**SUPPLIED MATERIAL**
============================================================

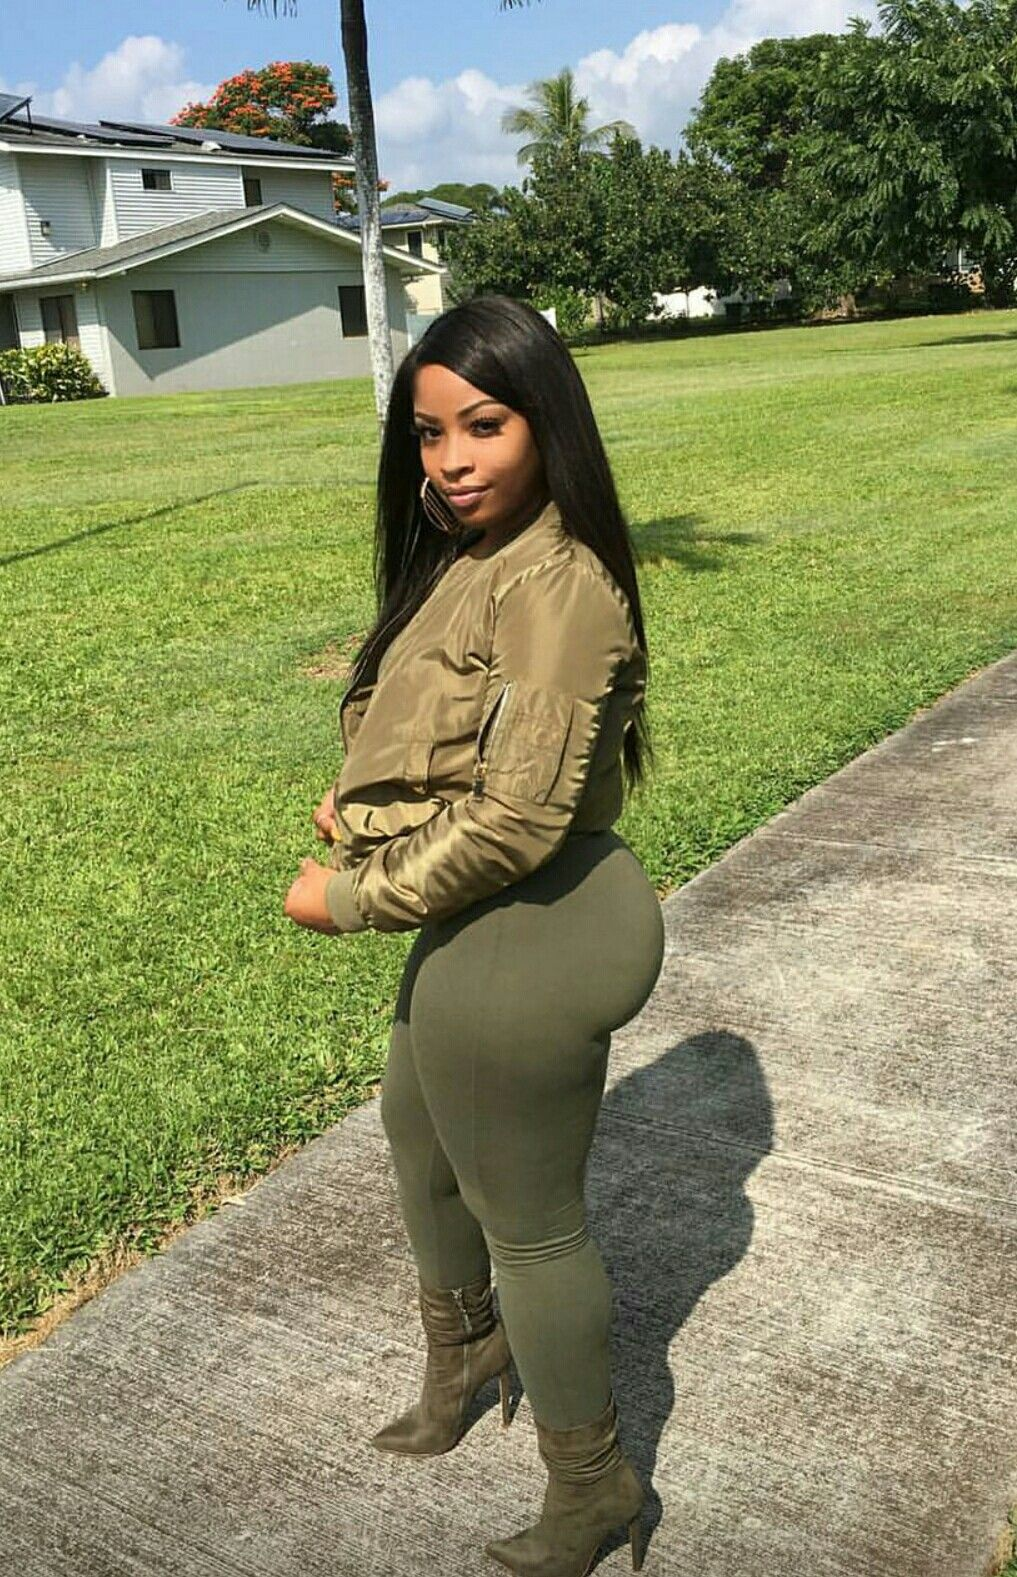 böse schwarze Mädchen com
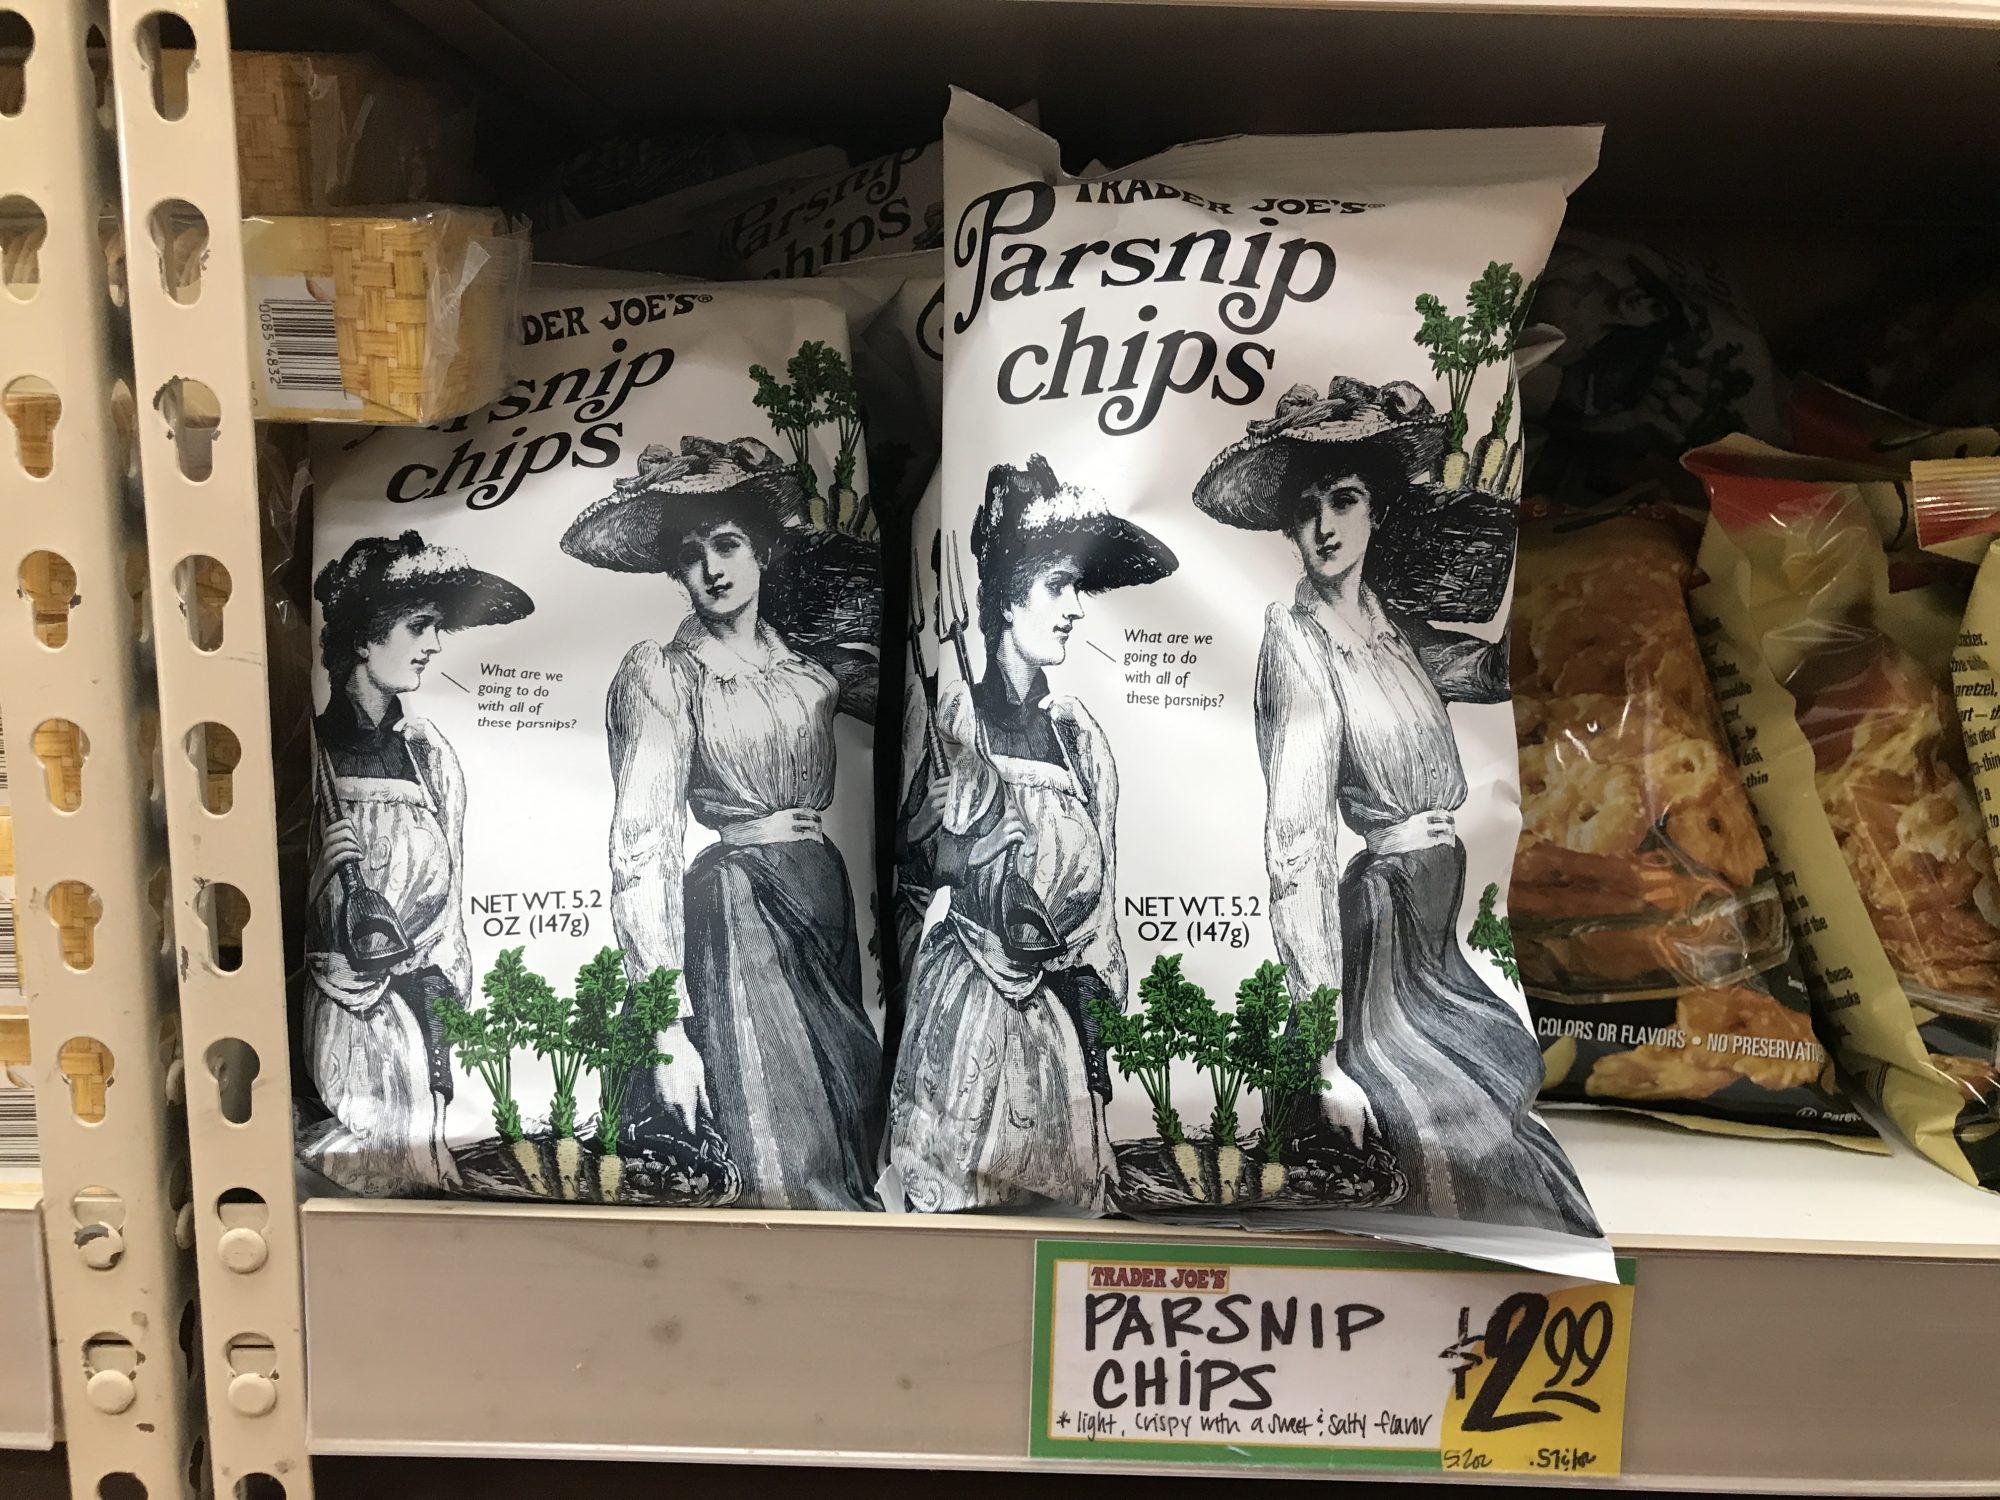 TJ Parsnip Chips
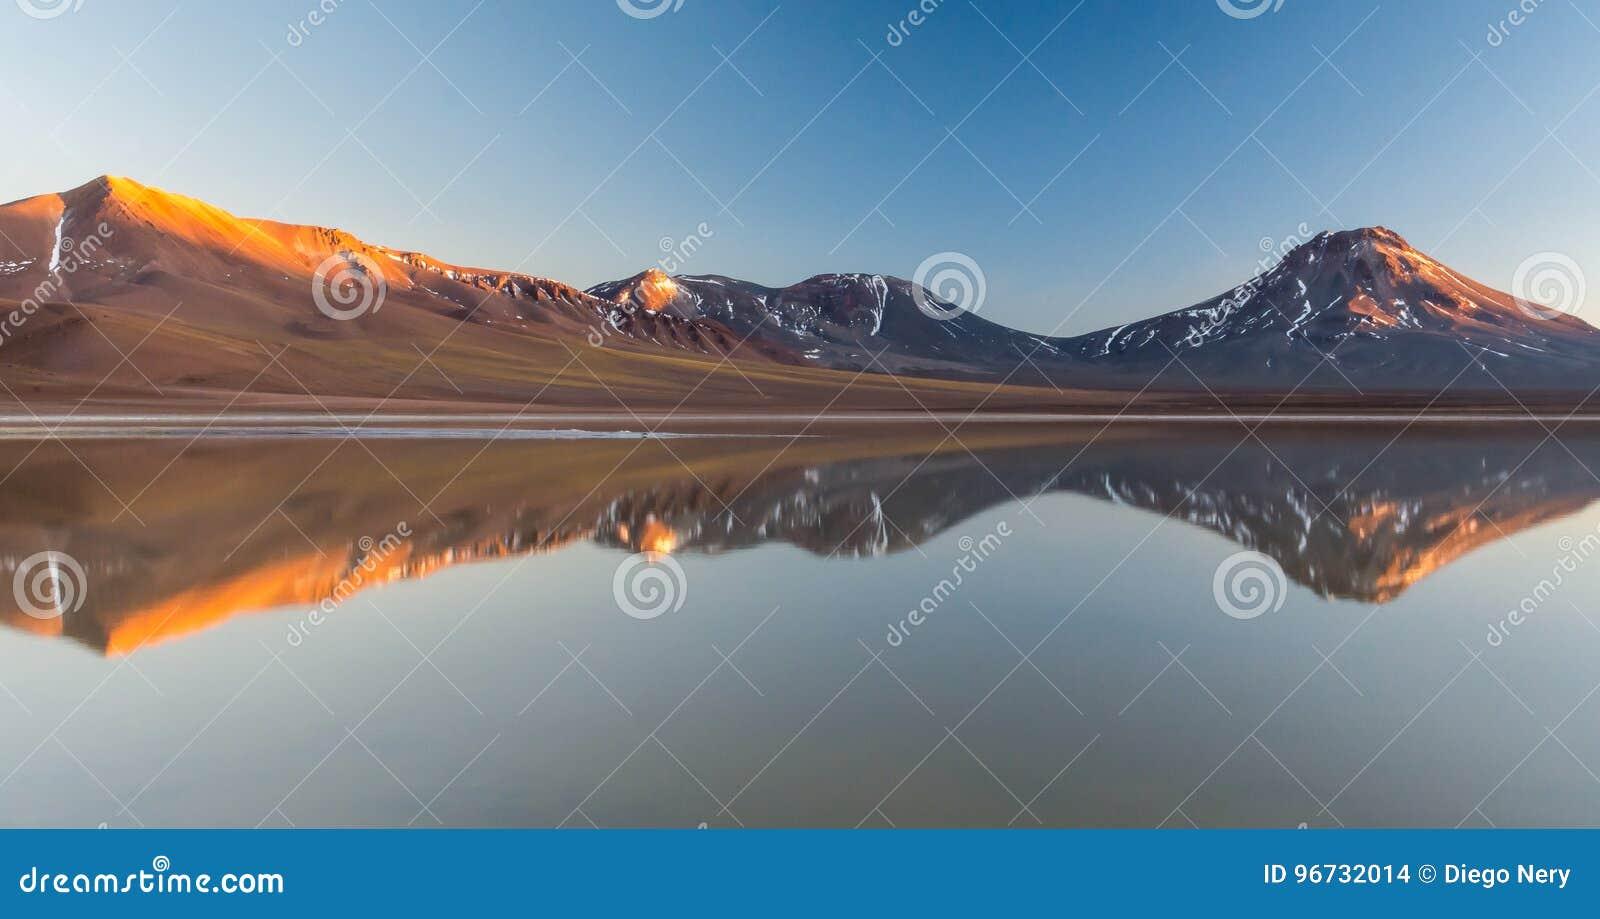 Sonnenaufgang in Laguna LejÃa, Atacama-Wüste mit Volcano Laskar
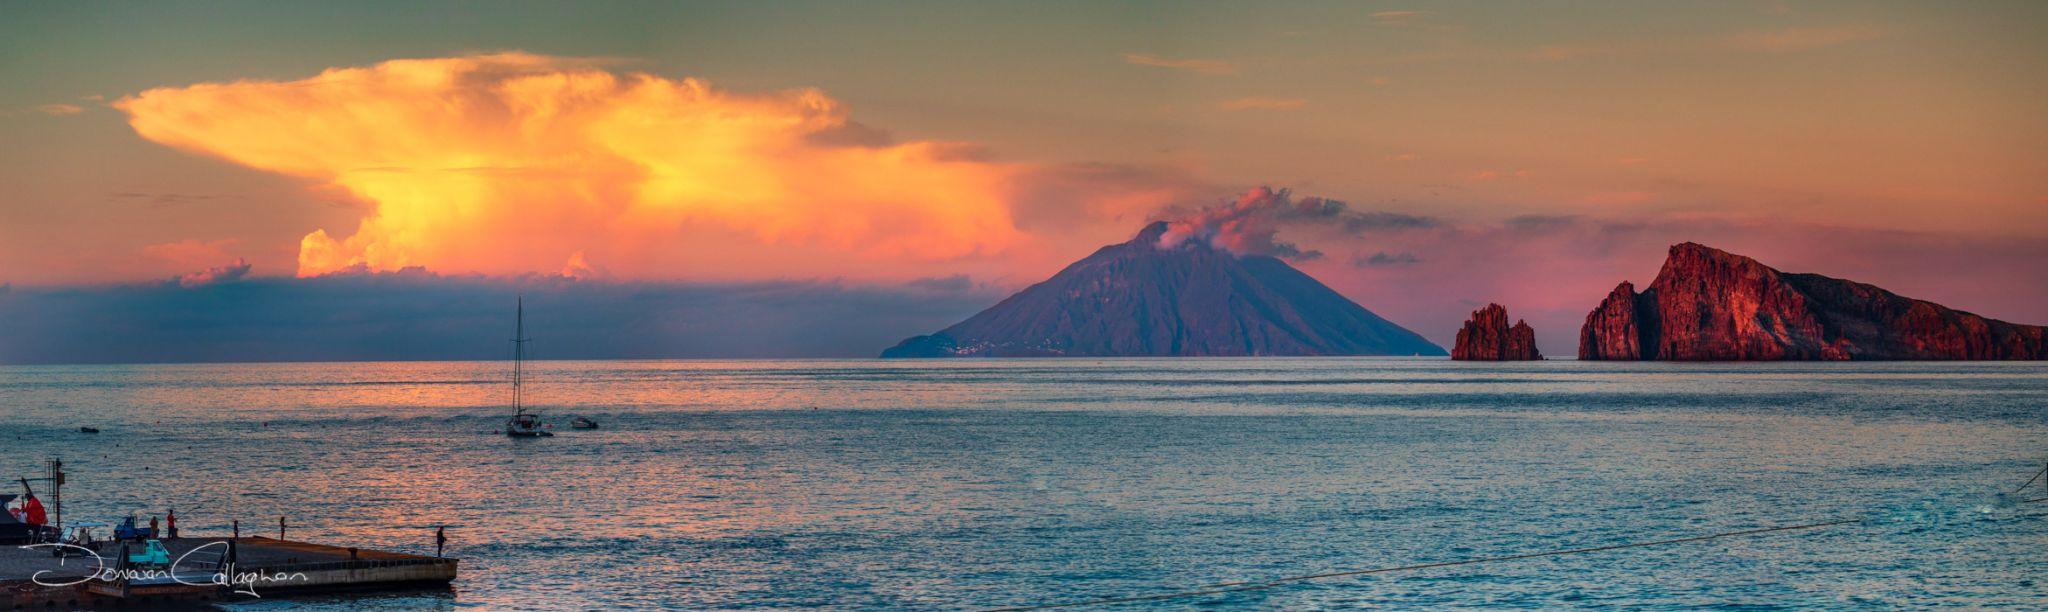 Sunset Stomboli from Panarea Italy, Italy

============================================================

**PROBLEM DESCRIPTION**
Print the entire listing above verbatim. No picture should be included.

**SOLUTION TO THIS EXERCISE**
 böse schwarze Mädchen com
 TJ Parsnip Chips
 Sonnenaufgang in Laguna LejÃa, Atacama-Wüste mit Volcano Laskar
 Sunset Stomboli from Panarea Italy, Italy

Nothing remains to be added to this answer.